# First Orange Lamasi coming out



## froglet (May 18, 2005)

Here is my first Orange Lamasi froglet..... Not much to look at ATM but the colors will come in shortly.....


----------



## frogman824 (Aug 10, 2005)

Congrats....that's a neat looking frogs. Are you breeding them in a pair or group? Any other froglets on the way?


----------



## froglet (May 18, 2005)

yeah i belive my ratio is 1.3 but i have no idea, they all look the same to me .... just a wild guess. And as for more froglets coming out the answer is YES, a bunch.....


----------



## EDs Fly Meat (Apr 29, 2004)

Very cool. I have noticed a lot of variation on the orange. Are you finding this to be true?


----------



## a Vertigo Guy (Aug 17, 2006)

Congrats on the tad! You finding them difficult to breed?


----------



## melissa68 (Feb 16, 2004)

Can you post an update? I have heard the color on these guys is very variable.

Melis


----------



## SeaDuck (Nov 8, 2006)

We have a good number of these from a couple of the people that received the original imports. Froglets are varying degrees of orange but all have a coppery metallic wash. As they get older they darken to a deeper orange over a variable period of time. Some of them appear tie-died as they color. All ours seem to be ending up about the same orange. It is also very interesting that they are not the typical shy D. lamasi but much bolder. Robert


----------



## froglet (May 18, 2005)

The reason why these are not typical D lamasi is because these are panguanas. I will update on the froglet but i can tell you he/she will start his life as a yellow striped frog. As they mature they do get an orange tint to them, sometimes orange/gold mix, light to bright orange or the rare bright red. 
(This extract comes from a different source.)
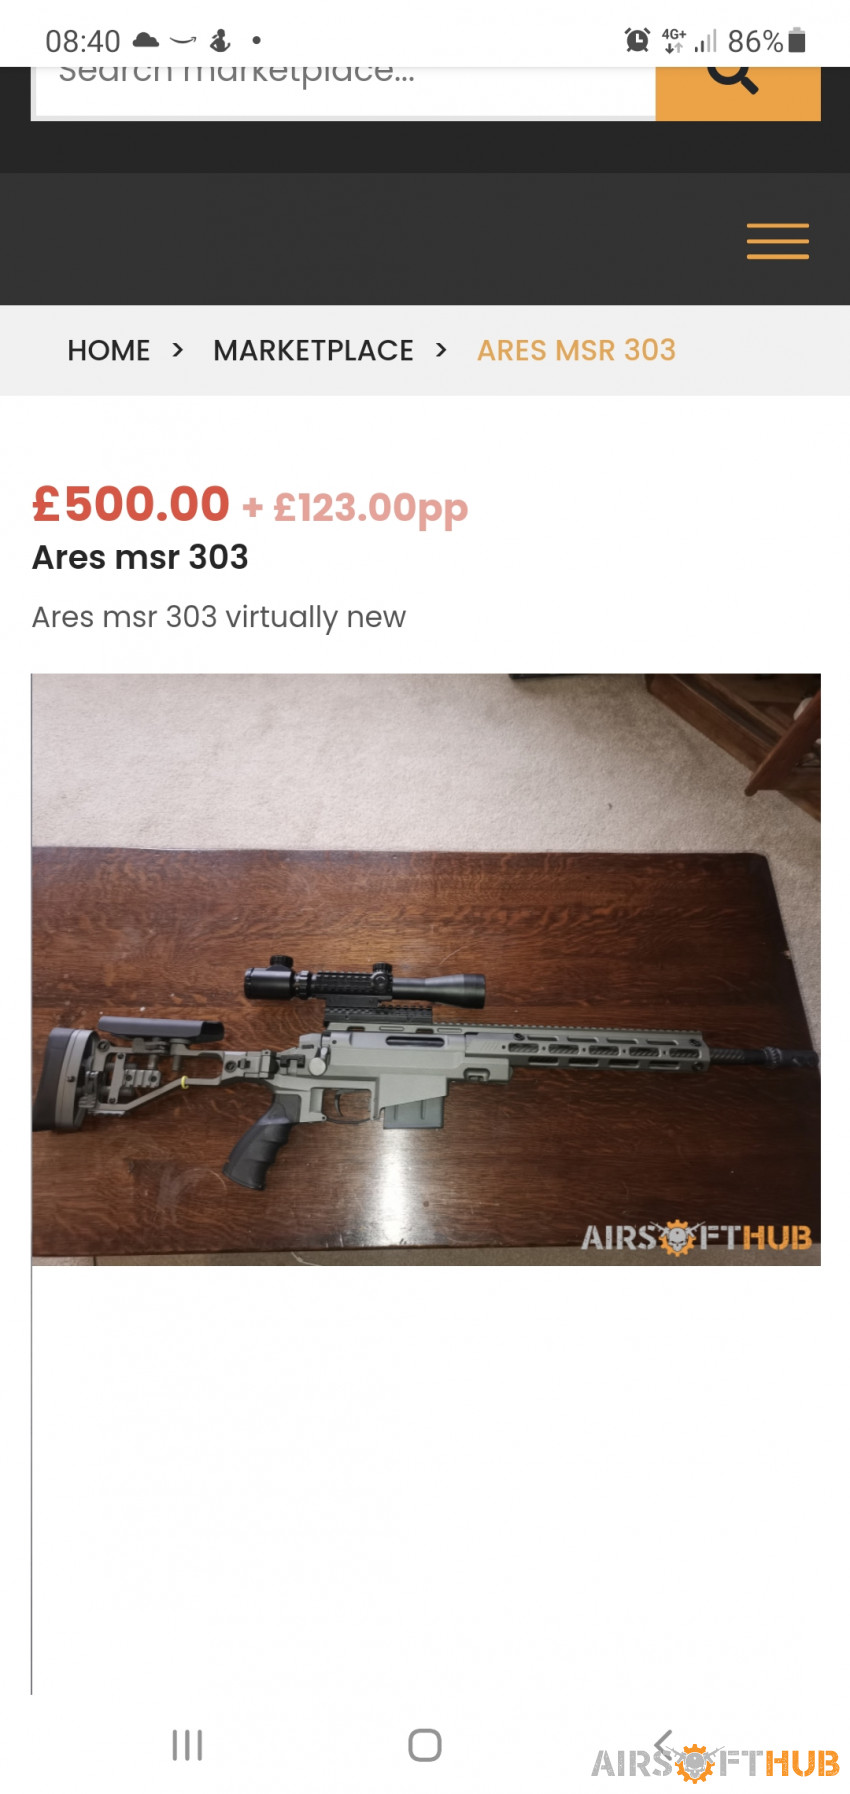 Ares msr 303 - Used airsoft equipment

ill take a pic as soon as it comes out of water


----------



## froglet (May 18, 2005)

Here are some pics of the adults... all preaty much the same except for leg color pattern...some have blue and some have light brown....


----------



## rozdaboff (Feb 27, 2005)

Damian - do you have a belly shot?


----------



## froglet (May 18, 2005)

Here Ya go Oz..

Sorry i could not get a straight belly pic


----------